Quontic is a U.S.-based digital bank headquartered in Astoria, New York City. Quontic has additional loan office locations in New York; Melville, New York; Flushing, New York; and Miami, Florida. Quontic offers personal checking, savings and certificate of deposits accounts as well as a variety of mortgage loan products with an emphasis on non-traditional borrowers.

==History==
In late 2009, real estate developer and entrepreneur Steven Schnall bought Golden First Bank; a small, troubled bank in Great Neck, New York with $24 million in assets. Terms of the sale allowed Schnall to buy the bank with a clean balance sheet. Schnall assembled a new team, injected fresh capital, and renamed it "Quontic Bank." In March 2011, Quontic opened a second branch in the Astoria, Queens neighborhood of New York City Later in 2011, it shuttered the Great Neck location and moved its headquarters to Astoria. Since its humble beginnings, Quontic has gone branchless and expanded to serve bank and mortgage customers across the US. Though Quontic had expanded its loan offices to states such as Georgia, New Jersey, and Massachusetts, it now has locations in just 2 states: Florida and New York.
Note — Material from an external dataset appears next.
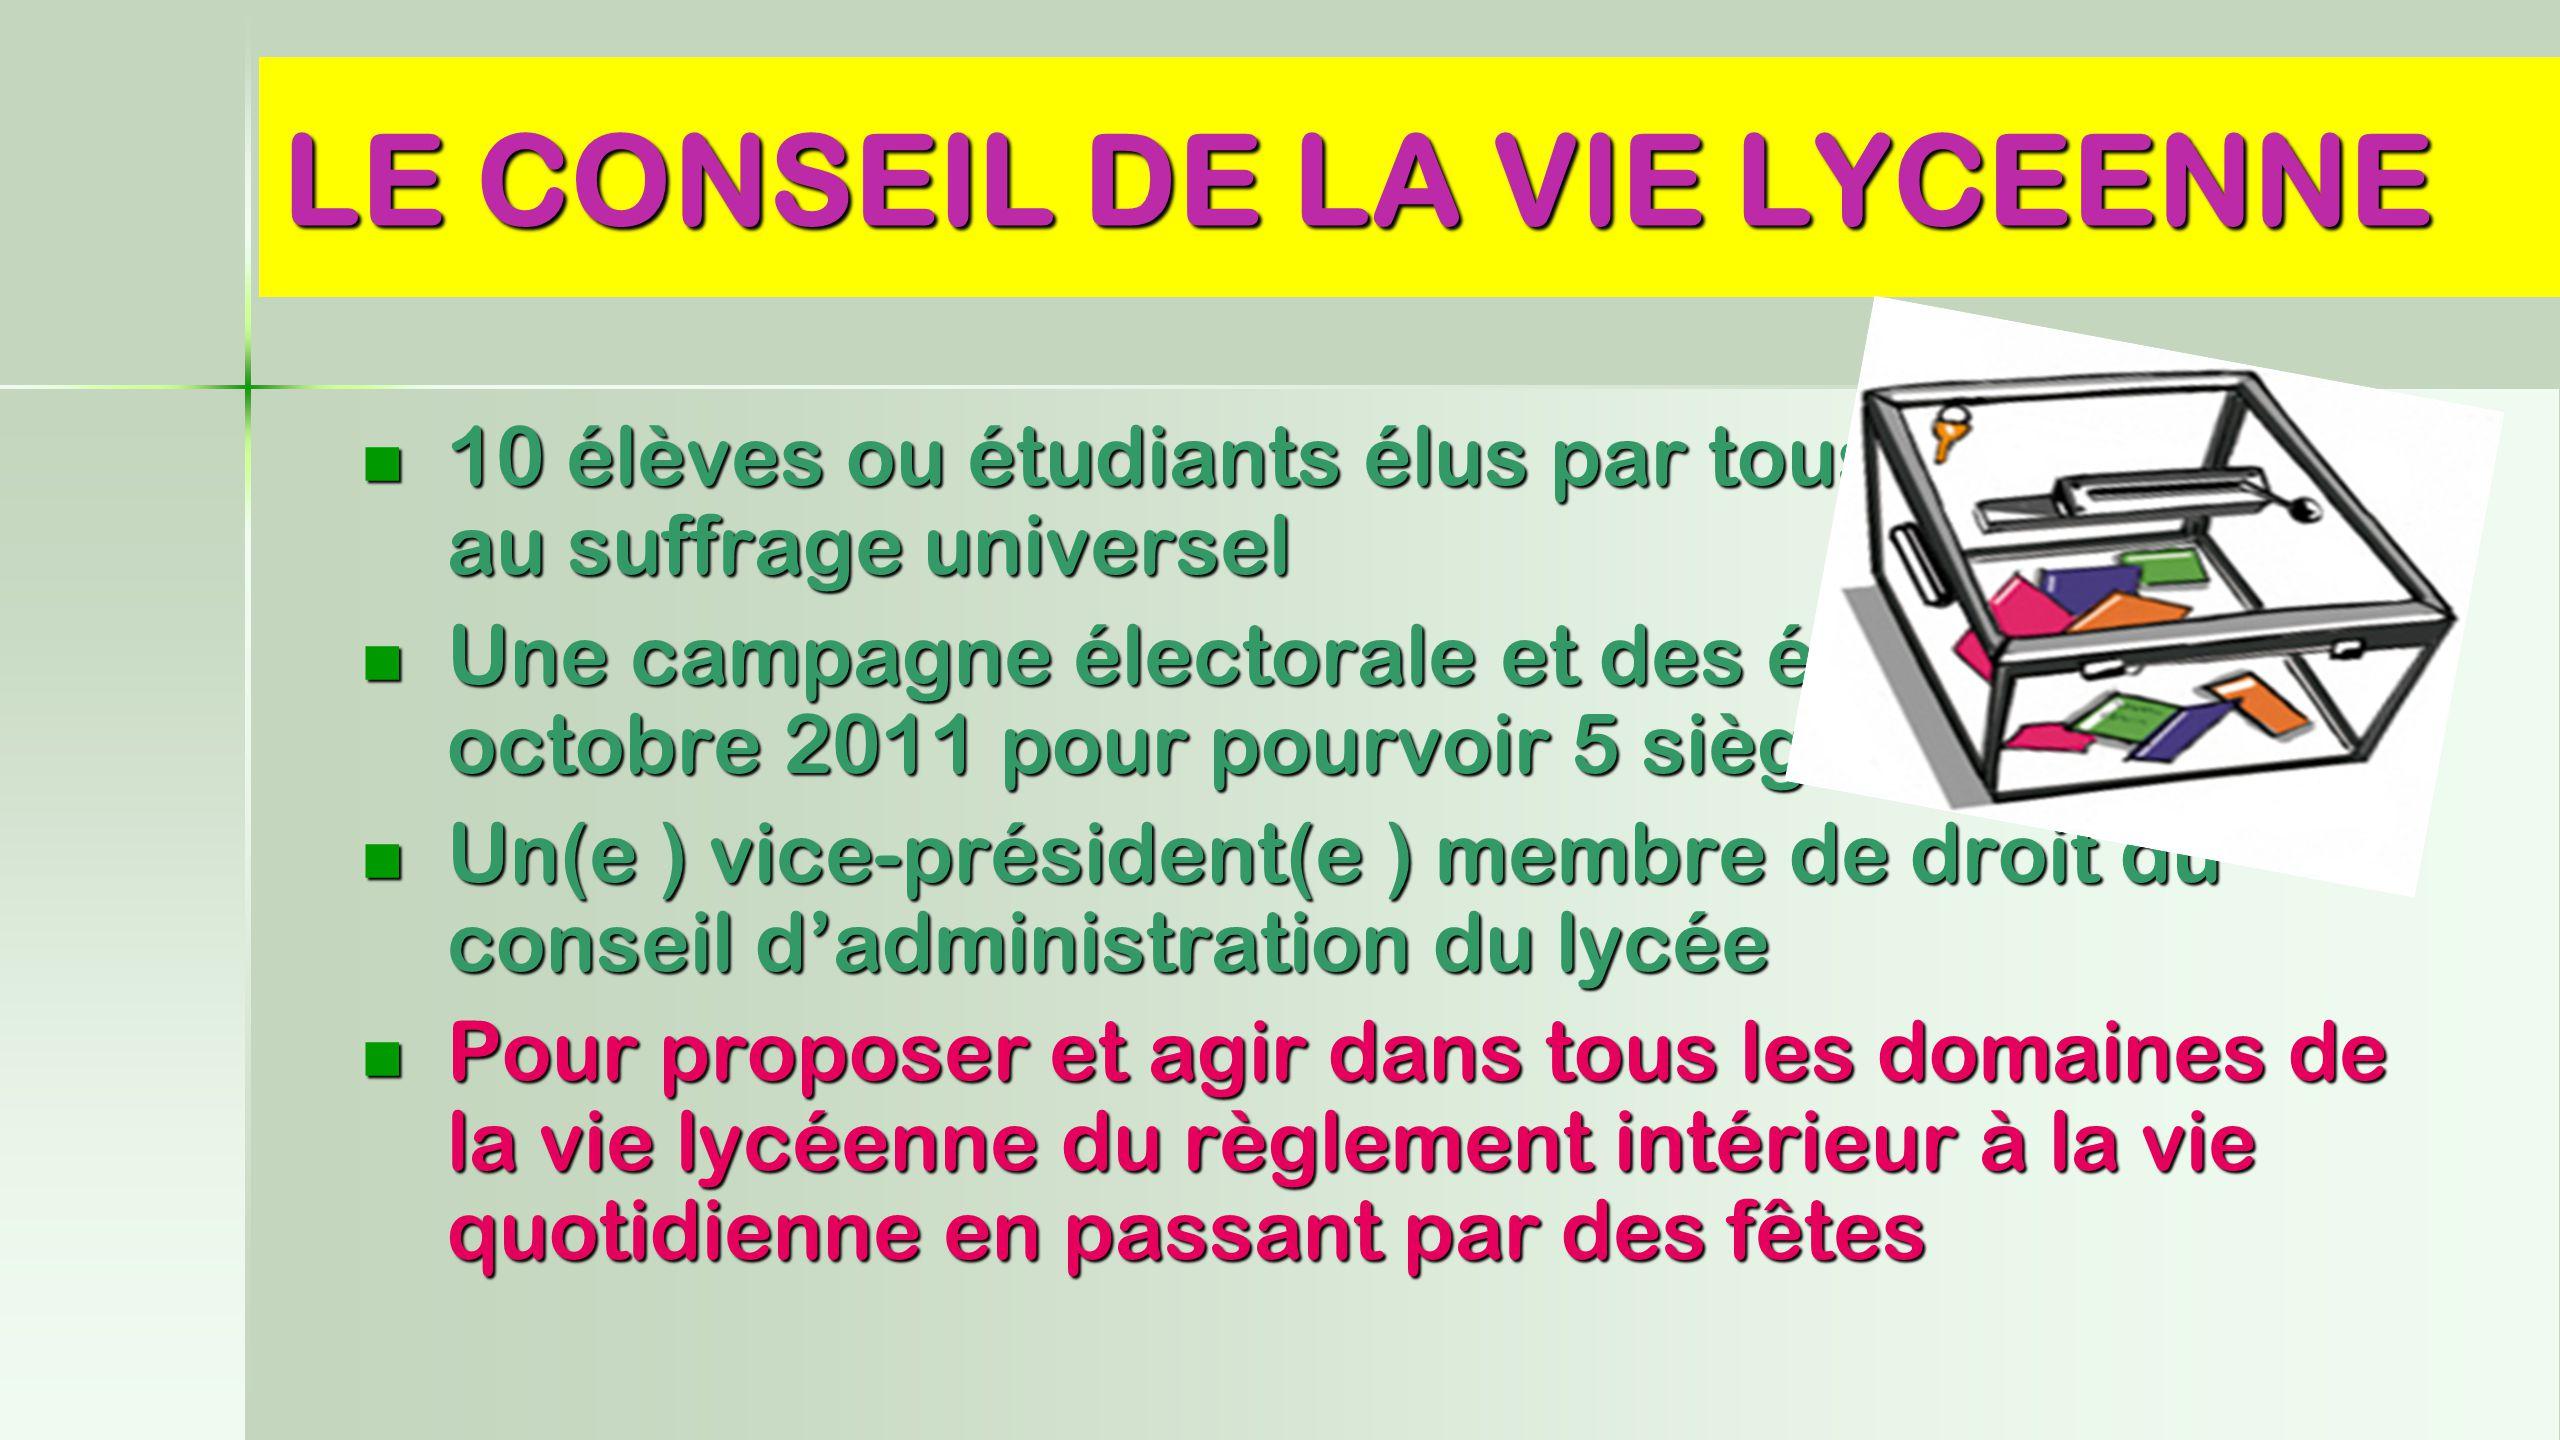 LE CONSEIL DE LA VIE LYCEENNE 10 élèves ou étudiants élus par tous les lycéens au suffrage universel Une campagne électorale et des élections en octob

In 2015, Quontic was awarded the title of Community Development Financial Institution and is the only all-digital CDFI bank in the United States. In 2020, Quontic became the first US bank to offer Bitcoin Rewards Checking, and in 2022 became the first US bank to offer a Pay Ring contactless payment device for its checking accounts and was the first bank to open an outpost in the Metaverse. Quontic was named Best Savings Account 2023 by Bankrate, Best Overall Online Bank of 2022 by Forbes, America's Best Banks 2022 by Newsweek and Most Innovative Online Bank 2022-2023 by Money.com.

==Locations==

===New York===
Quontic was founded in New York and headquartered in the Astoria, Queens neighborhood of New York City. The Astoria location has a home mortgage office, which has gained media attention for its lending to Queens' large immigrant community.

Quontic operated a home mortgage office in Jericho, Long Island before moving to Melville in October 2016.

===Florida===
Quontic operates a home mortgage office in Coral Gables, a city southwest of Downtown Miami.